■ Work item
Copy each line of the records that includes "Size".

------------

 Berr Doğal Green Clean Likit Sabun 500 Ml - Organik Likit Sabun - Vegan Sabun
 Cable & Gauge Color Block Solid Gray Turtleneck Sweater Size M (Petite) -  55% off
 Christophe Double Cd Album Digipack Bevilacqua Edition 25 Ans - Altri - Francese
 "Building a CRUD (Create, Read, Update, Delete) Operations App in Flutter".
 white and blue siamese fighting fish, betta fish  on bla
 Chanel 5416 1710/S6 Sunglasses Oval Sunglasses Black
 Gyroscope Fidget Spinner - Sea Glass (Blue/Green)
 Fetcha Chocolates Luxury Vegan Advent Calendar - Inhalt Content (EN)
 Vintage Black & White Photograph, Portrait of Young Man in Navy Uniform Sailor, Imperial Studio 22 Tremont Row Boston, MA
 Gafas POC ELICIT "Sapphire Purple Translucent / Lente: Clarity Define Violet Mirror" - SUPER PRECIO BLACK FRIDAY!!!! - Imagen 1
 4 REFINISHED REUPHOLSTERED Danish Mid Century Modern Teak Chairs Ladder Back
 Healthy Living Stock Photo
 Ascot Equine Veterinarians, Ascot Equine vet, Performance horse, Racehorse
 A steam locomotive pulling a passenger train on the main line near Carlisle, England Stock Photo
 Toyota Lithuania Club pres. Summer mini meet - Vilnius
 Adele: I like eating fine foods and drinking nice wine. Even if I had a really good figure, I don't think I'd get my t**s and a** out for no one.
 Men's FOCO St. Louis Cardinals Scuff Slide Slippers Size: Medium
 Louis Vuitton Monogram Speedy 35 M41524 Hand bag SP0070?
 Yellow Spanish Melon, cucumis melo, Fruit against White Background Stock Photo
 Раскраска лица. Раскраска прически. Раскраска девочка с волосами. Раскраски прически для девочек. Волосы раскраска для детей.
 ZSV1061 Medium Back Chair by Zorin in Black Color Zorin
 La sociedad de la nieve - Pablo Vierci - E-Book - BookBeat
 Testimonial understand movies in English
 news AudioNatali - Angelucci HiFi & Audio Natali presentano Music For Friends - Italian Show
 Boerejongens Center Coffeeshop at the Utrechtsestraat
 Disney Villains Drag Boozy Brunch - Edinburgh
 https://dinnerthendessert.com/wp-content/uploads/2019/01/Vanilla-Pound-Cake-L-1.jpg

------------

■ Written answer
 Cable & Gauge Color Block Solid Gray Turtleneck Sweater Size M (Petite) -  55% off
 Men's FOCO St. Louis Cardinals Scuff Slide Slippers Size: Medium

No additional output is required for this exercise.